= Assistance League =

Assistance League is a national nonprofit organization in the United States Established in 1919, it is based in Burbank, California. The mission statement is, "Assistance League engages and empowers volunteers to strengthen our communities."

There are 95 chapters. Each chapter focuses on helping their community with philanthropic programs ranging from donating classroom supplies, clothing and books to supplying teddy bears to law enforcement in giving to traumatized children, and providing Assault Survival Kits of new clothing at hospitals for assault survivors.

The Assistance League consists of Chapter Members (who volunteer to staff Thrift Stores and other events), Assisteens (high school youth), and Auxiliary members.

==History==
Assistance League was established in 1919 by the philanthropic efforts of Anne Banning (daughter-in-law of Phineas Banning) and Ada Edwards Laughlin (daughter-in-law of Homer Laughlin) to form Assistance League of Southern California. Anne Banning, was a leading philanthropist of her time, with a mission to aid families in distress as a result of World War I. Her vision to provide service to all in need, regardless of their race, religion or culture, laid the foundation for the future of the organization. The first Assistance League thrift shop opened as a revenue source for the philanthropic programs: Day Nursery, Girl’s Club, and others.

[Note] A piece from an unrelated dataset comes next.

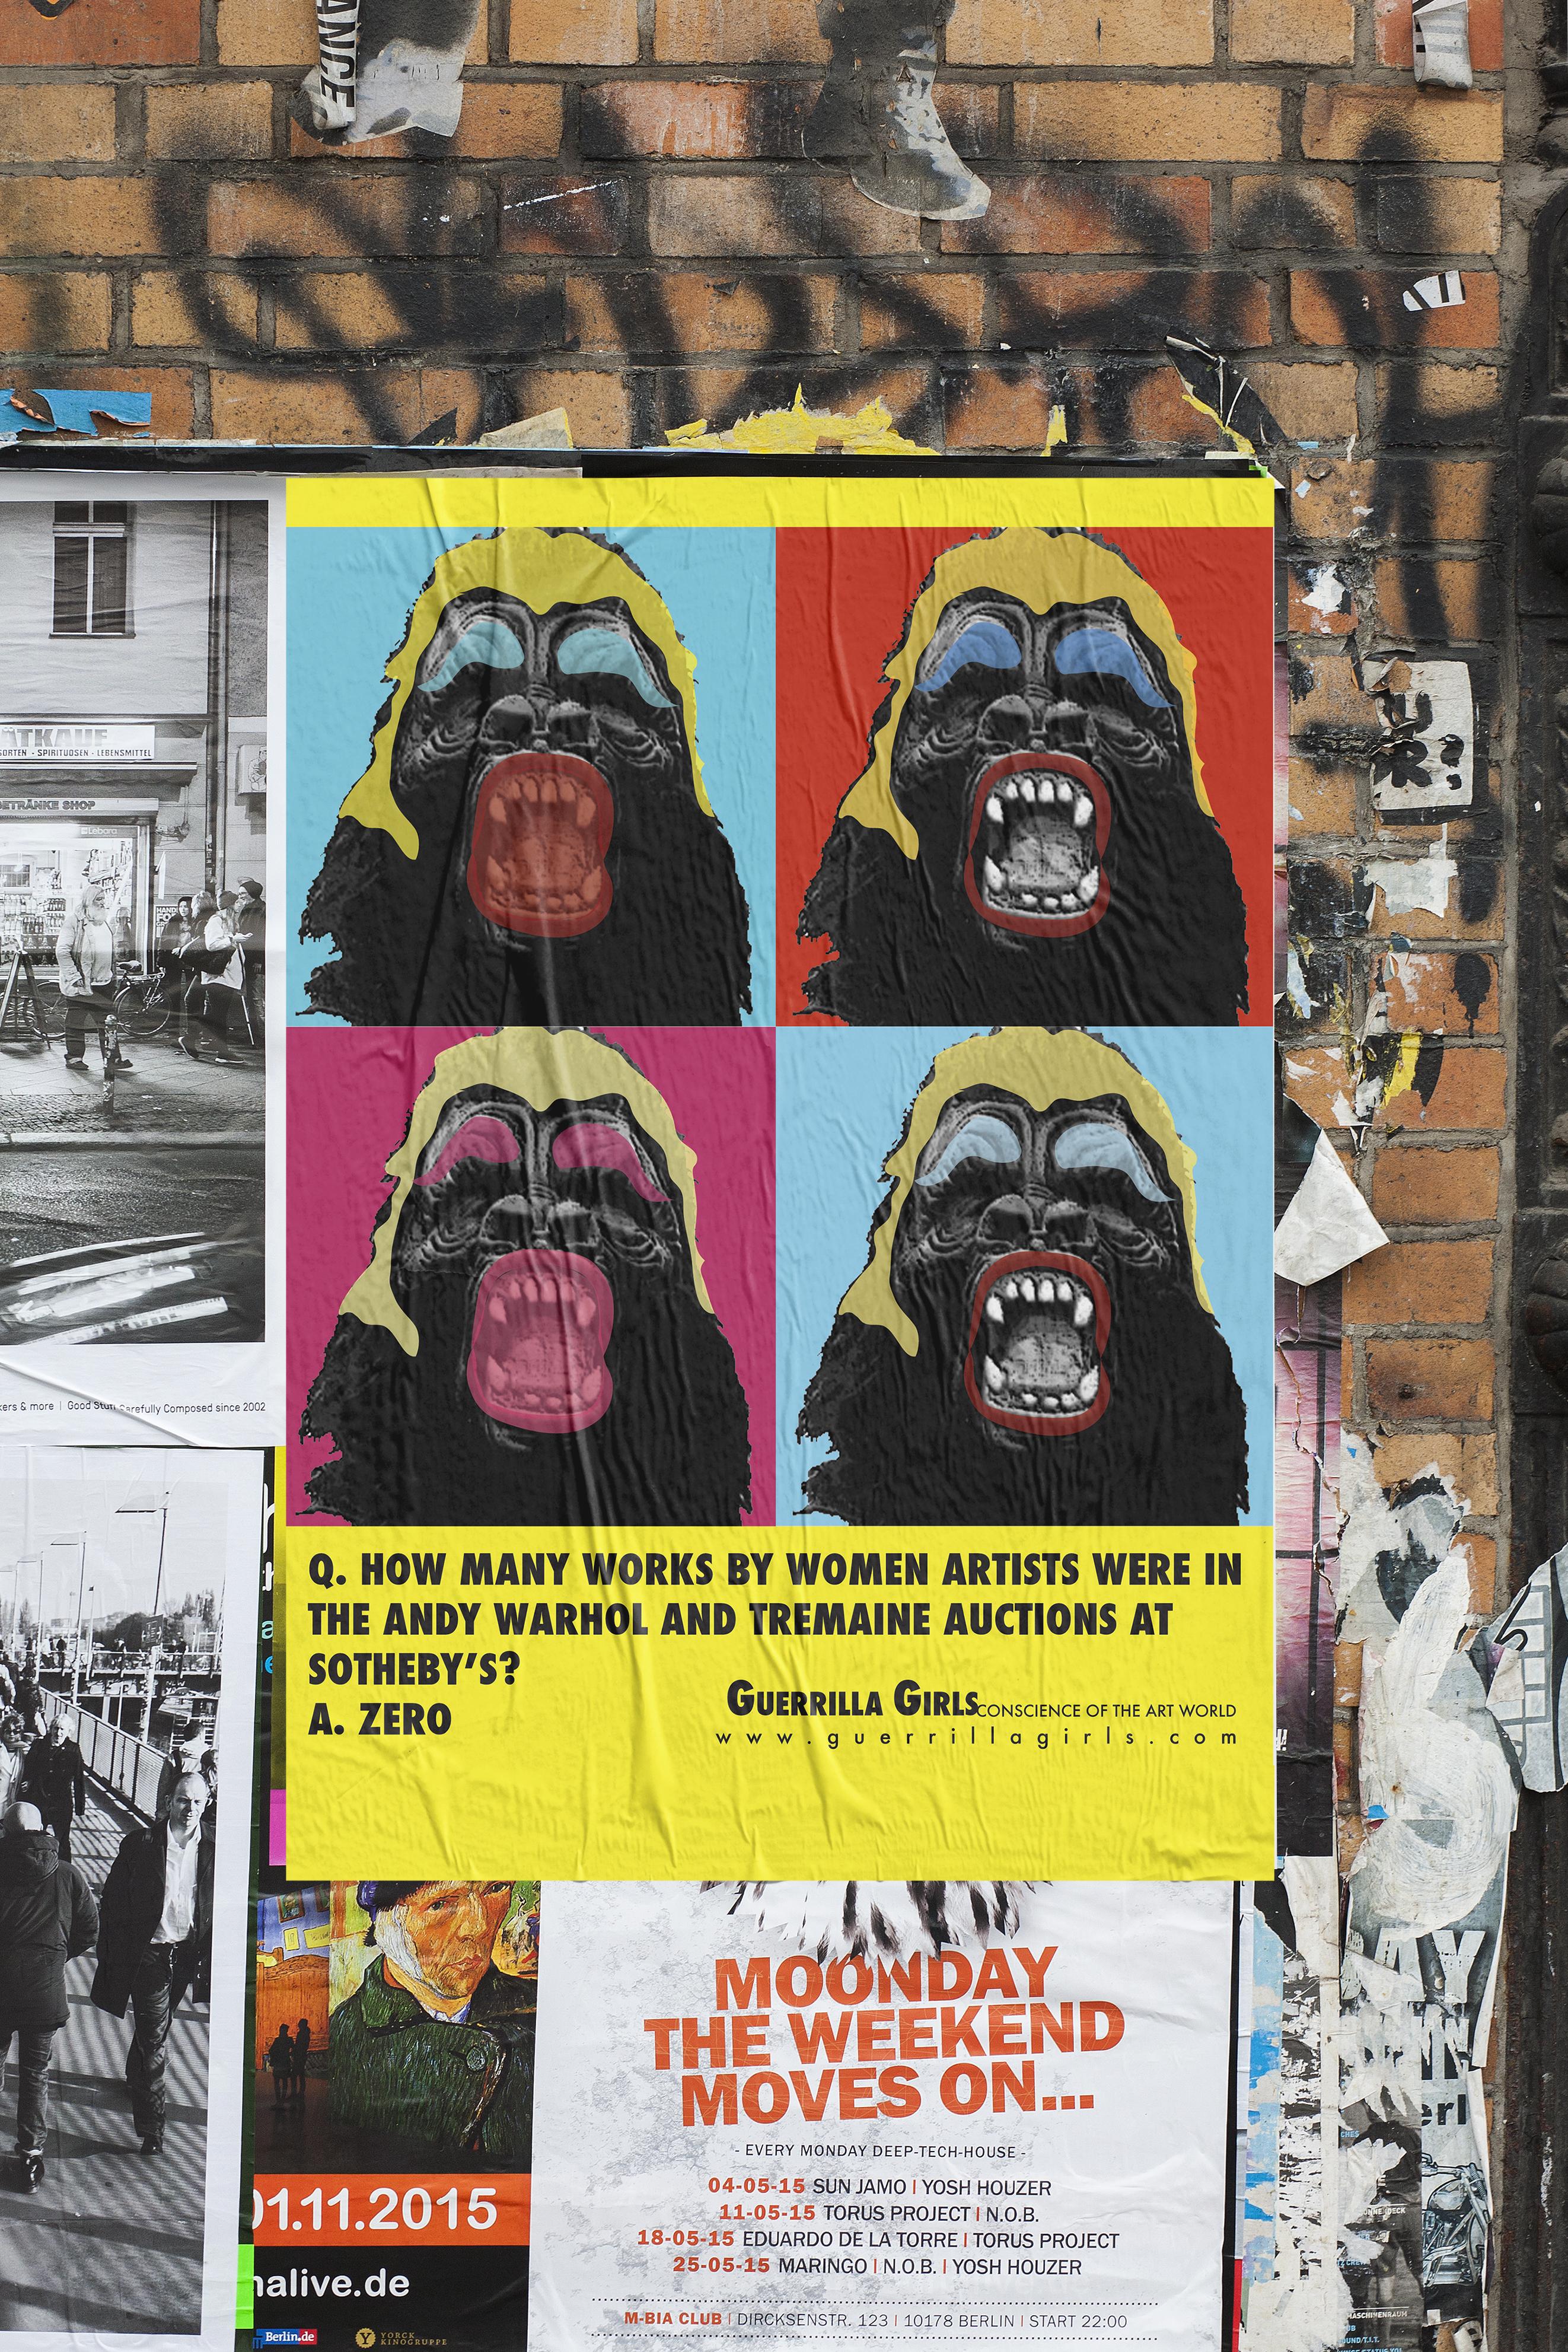 Guerilla Girls Poster Mockup.jpg
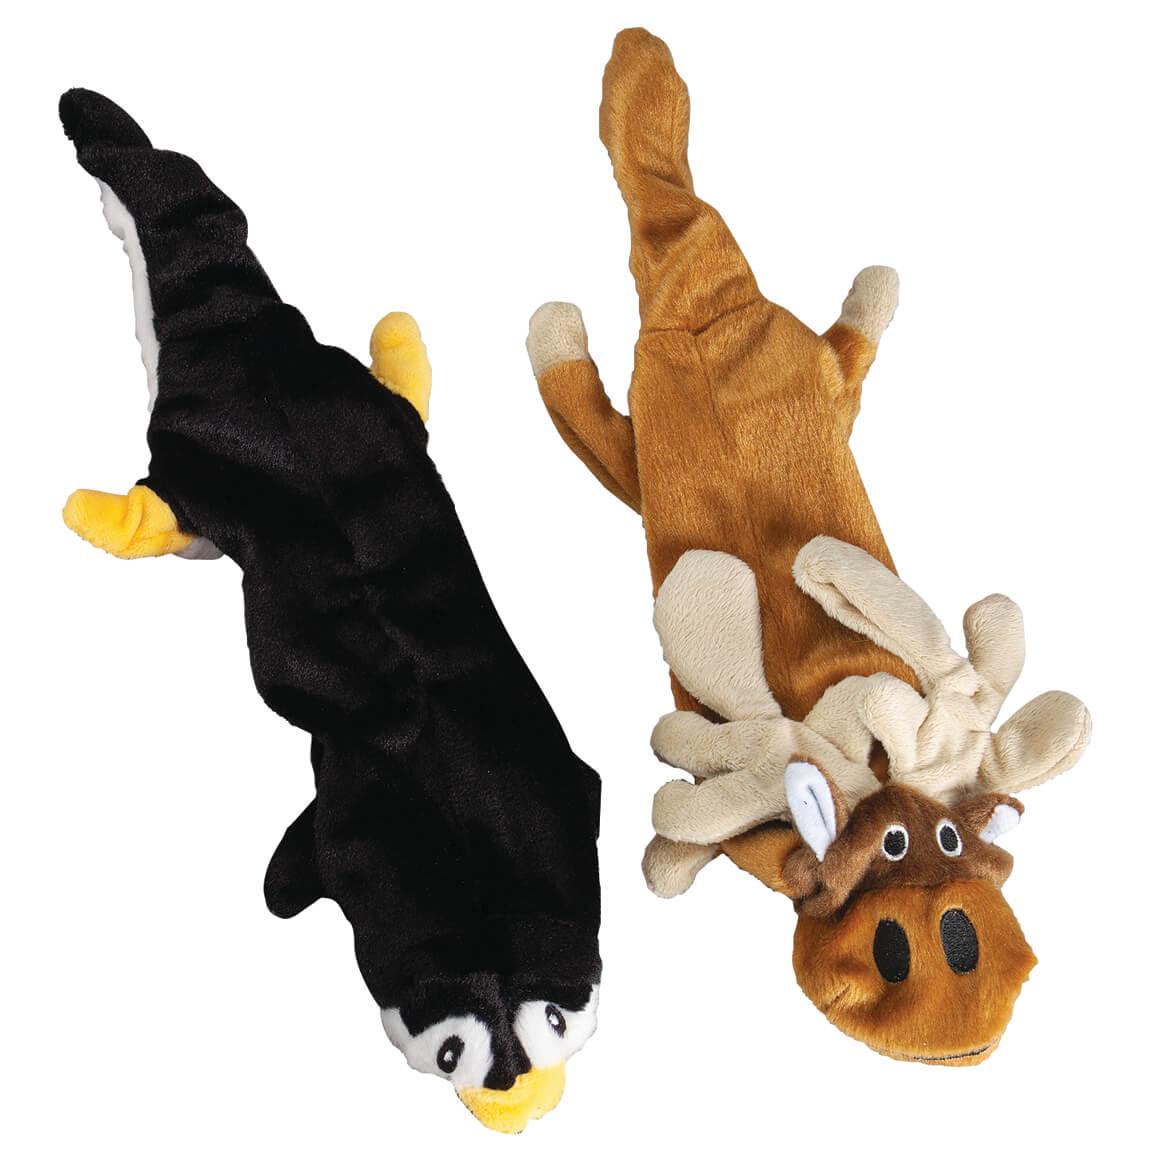 Animal Stuffing Free Dog Toys, Set of 2-370662

In the 1930s, the Assistance League called on daughters and granddaughters of its members to assist in various philanthropic projects. This participation developed into Assisteens, a youth focused program of volunteerism for grades seven to twelve.

After 1935, neighboring communities sprouted affiliate chapters and a national representation was beginning to organize under the guidelines of Ada Edwards Laughlin. In August 1949, National Assistance League was formed.

Since its inception, the Assistance League has had the support of Hollywood celebrities participating in volunteerism and charitable events. It was not uncommon to see celebrities like Jean Harlow reading stories to children in need, Claudia Dell waiting tables for a good cause or Shirley Temple Black, who was actively involved as a member, running the register at an Assistance League gift shop.

==Awards and honors==
The Assistance League and its chapters have won numerous awards including being nominated and winning the All-Star Award for Make a Difference Day in 2012 and 2013, an annual recognition to individuals and organizations making the biggest impact nationally through volunteerism.